= Rossby-gravity waves =

Equatorially trapped waves that carry energy eastwards

Rossby-gravity waves are equatorially trapped waves (much like Kelvin waves), meaning that they rapidly decay as their distance increases away from the equator (so long as the Brunt–Vaisala frequency does not remain constant). These waves have the same trapping scale as Kelvin waves, more commonly known as the equatorial Rossby deformation radius. They always carry energy eastward, but their 'crests' and 'troughs' may propagate westward if their periods are long enough.

==Derivation==

The eastward speed of propagation of these waves can be derived for an inviscid slowly moving layer of fluid of uniform depth H. Because the Coriolis parameter (f = 2Ω sin(θ) where Ω is the angular velocity of the earth, 7.2921 × 10^{−5} rad/s, and θ is latitude) vanishes at 0 degrees latitude (equator), the “equatorial beta plane” approximation must be made. This approximation states that f is approximately equal to βy, where y is the distance from the equator and β is the variation of the Coriolis parameter with latitude, $\frac{\partial f}{\partial y} = \beta$. With the inclusion of this approximation, the primitive equations become (neglecting friction):
- the continuity equation (accounting for the effects of horizontal convergence and divergence and written with geopotential height): $$\frac{\partial \phi}{\partial t} + c^2 \left ( \frac{\partial v}{\partial y} + \frac{\partial u}{\partial x} \right ) = 0$$
- the U-momentum equation (zonal wind component): $$\frac{\partial u}{\partial t} - v \beta y = -\frac{\partial \phi}{\partial x}$$
- the V-momentum equation (meridional wind component): $$\frac{\partial v}{\partial t} + u \beta y = -\frac{\partial \phi}{\partial y}$$

These three equations can be separated and solved using solutions in the form of zonally propagating waves, which are analogous to exponential solutions with a dependence on x and t and the inclusion of structure functions that vary in the y-direction:

$$\begin{Bmatrix}u, v, \phi \end{Bmatrix} = \begin{Bmatrix}\hat u(y), \hat v(y), \hat \phi(y) \end{Bmatrix} e^{i(k x - \omega t)}$$

Once the frequency relation is formulated in terms of ω, the angular frequency, the problem can be solved with three distinct solutions. These three solutions correspond to the equatorially trapped gravity wave, the equatorially trapped Rossby wave and the mixed Rossby-gravity wave (which has some of the characteristics of the former two) . Equatorial gravity waves can be either westward- or eastward-propagating, and correspond to n=1 (same as for the equatorially trapped Rossby wave) on a dispersion relation diagram ("w-k" diagram). At n = 0 on a dispersion relation diagram, the mixed Rossby-gravity waves can be found where for large, positive zonal wave numbers (+k), the solution behaves like a gravity wave; but for large, negative zonal wave numbers (−k), the solution appears to be a Rossby wave (hence the term Rossby-gravity waves). As mentioned earlier, the group velocity (or energy packet/dispersion) is always directed toward the east with a maximum for short waves (gravity waves).

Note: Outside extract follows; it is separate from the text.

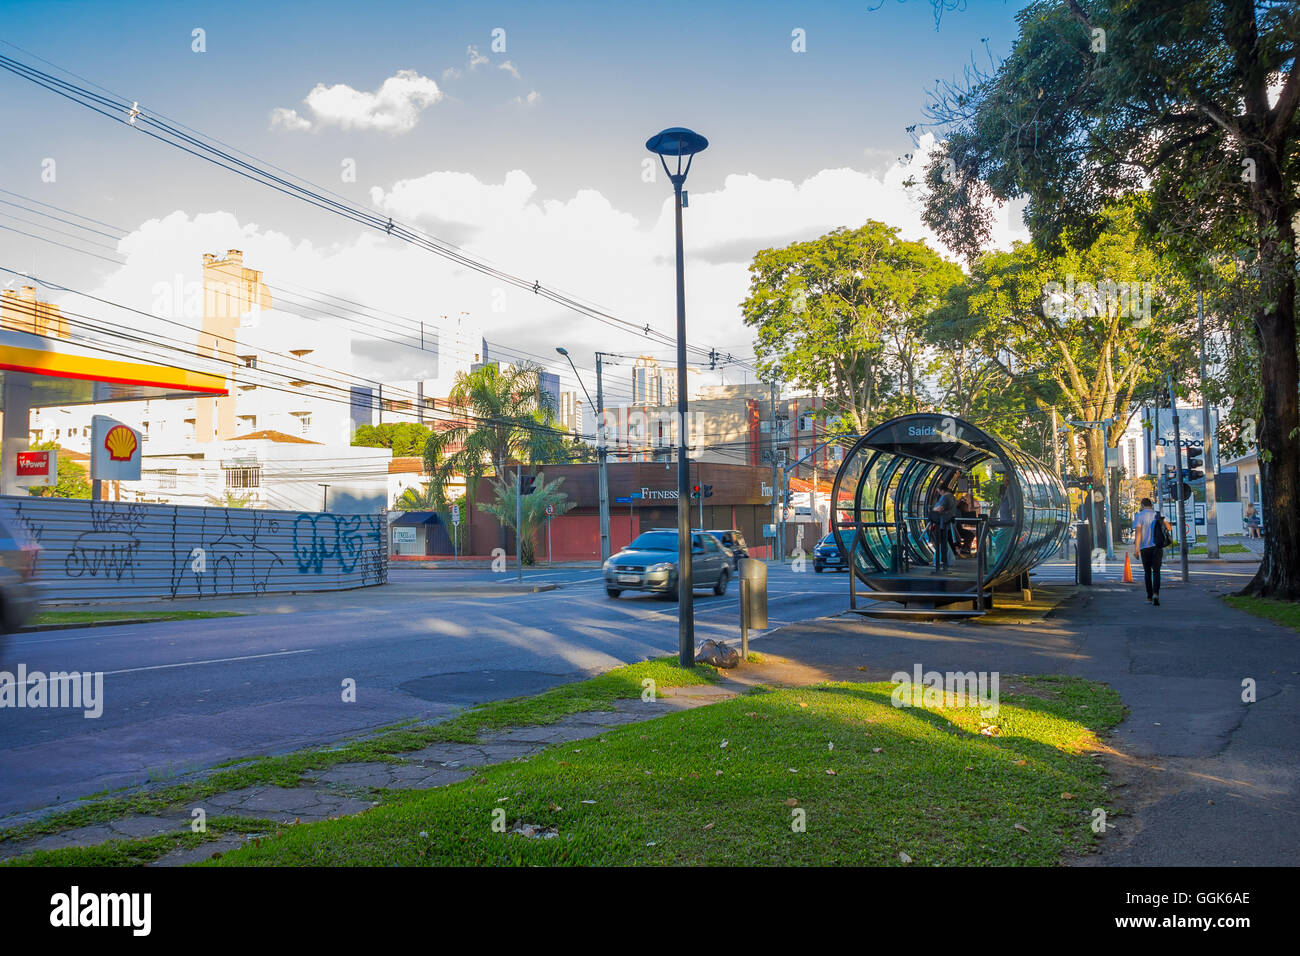 CURITIBA ,BRAZIL - MAY 12, 2016: passengers waiting for the bus on the station while some cars are driving in the street Stock Photo

==Vertically propagating Rossby-gravity waves==

As previously stated, the mixed Rossby-gravity waves are equatorially trapped waves unless the buoyancy frequency remains constant, introducing an additional vertical wave number to complement the zonal wave number and angular frequency. If this Brunt–Vaisala frequency does not change, then these waves become vertically propagating solutions. On a typical "m,k" dispersion diagram, the group velocity (energy) would be directed at right angles to the n = 0 (mixed Rossby-gravity waves) and n = 1 (gravity or Rossby waves) curves and would increase in the direction of increasing angular frequency. Typical group velocities for each component are the following: 1 cm/s for gravity waves and 2 mm/s for planetary (Rossby) waves.

These vertically propagating mixed Rossby-gravity waves were first observed in the stratosphere as westward-propagating mixed waves by M. Yanai. They had the following characteristics: 4–5 days, horizontal wavenumbers of 4 (four waves circling the earth, corresponding to wavelengths of 10,000 km), vertical wavelengths of 4–8 km, and upward group velocity. Similarly, westward-propagating mixed waves were also found in the Atlantic Ocean by Weisberg et al. (1979) with periods of 31 days, horizontal wavelengths of 1200 km, vertical wavelengths of 1 km, and downward group velocity. Also, the vertically propagating gravity wave component was found in the stratosphere with periods of 35 hours, horizontal wavelengths of 2400 km, and vertical wavelengths of 5 km.